• Work request: Only the lines below from the one that holds "Borlotti beans and" through the one that holds "Benfica confirm record-breaking" should appear in the answer, copied exactly, end lines included and pictures omitted.

-- Records to process follows --

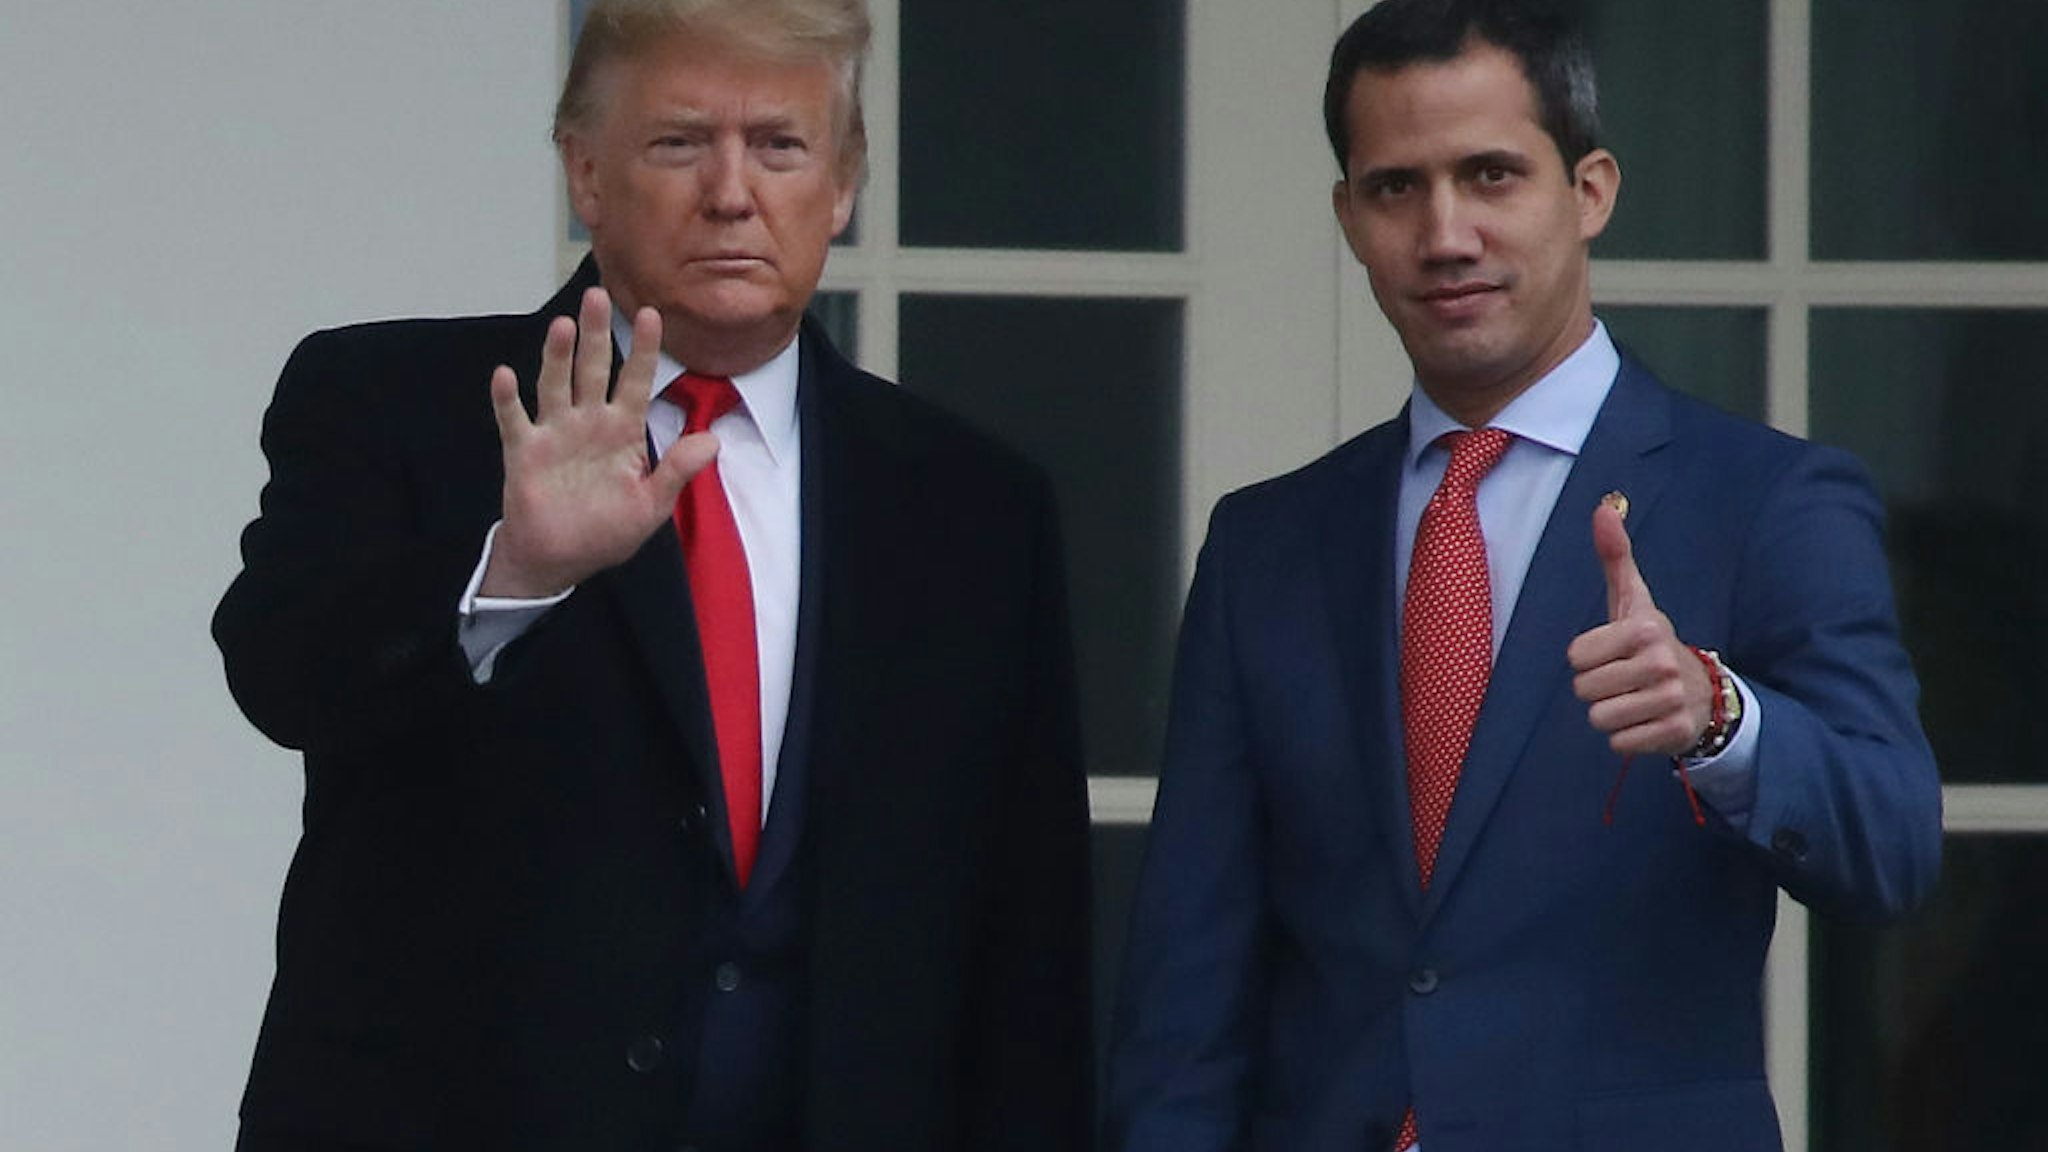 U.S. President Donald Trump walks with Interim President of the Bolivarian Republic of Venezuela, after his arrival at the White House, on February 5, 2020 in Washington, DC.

-- Records to process concluded --
-- Records to process follows --

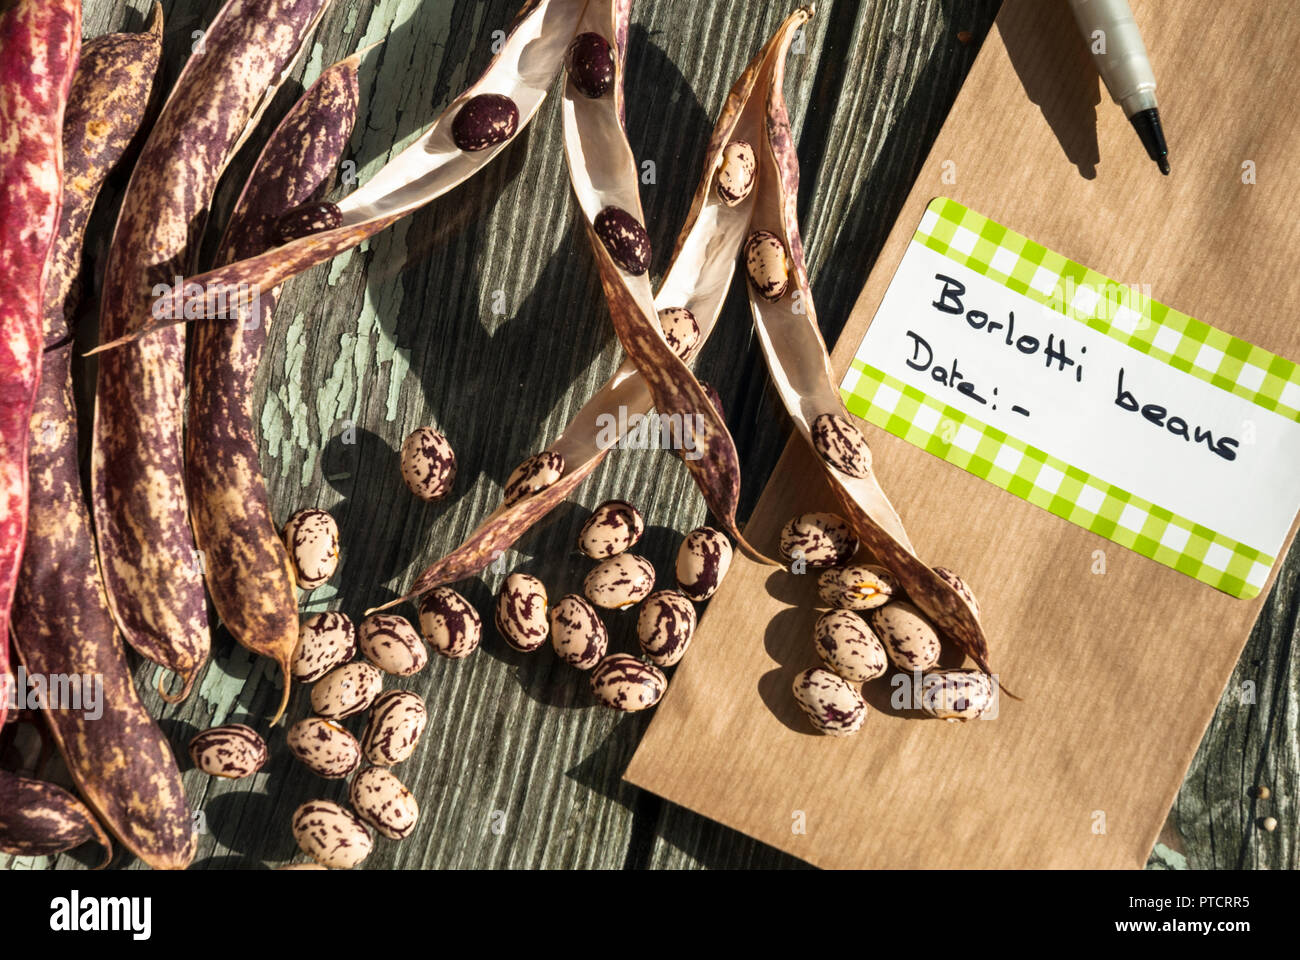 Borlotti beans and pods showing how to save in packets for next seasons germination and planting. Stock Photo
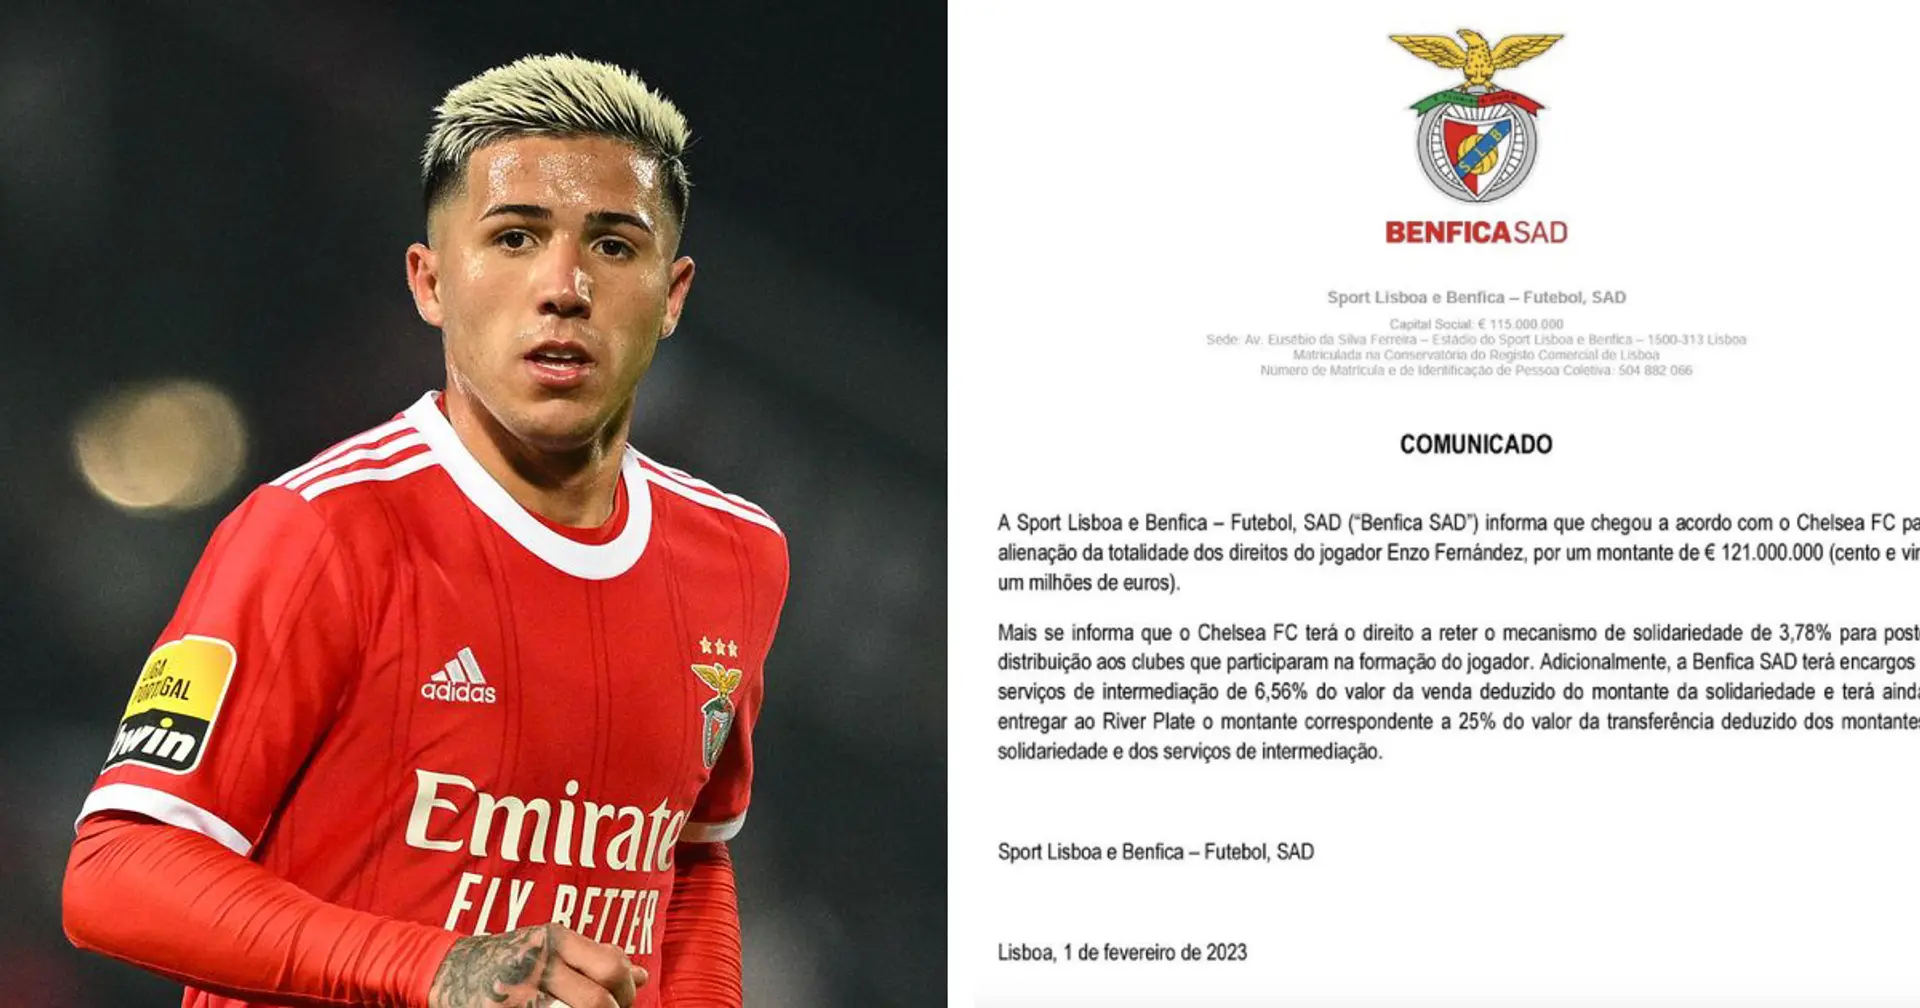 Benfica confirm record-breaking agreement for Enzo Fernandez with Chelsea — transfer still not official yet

-- Records to process concluded --

• Expected answer:
 Borlotti beans and pods showing how to save in packets for next seasons germination and planting. Stock Photo
 Benfica confirm record-breaking agreement for Enzo Fernandez with Chelsea — transfer still not official yet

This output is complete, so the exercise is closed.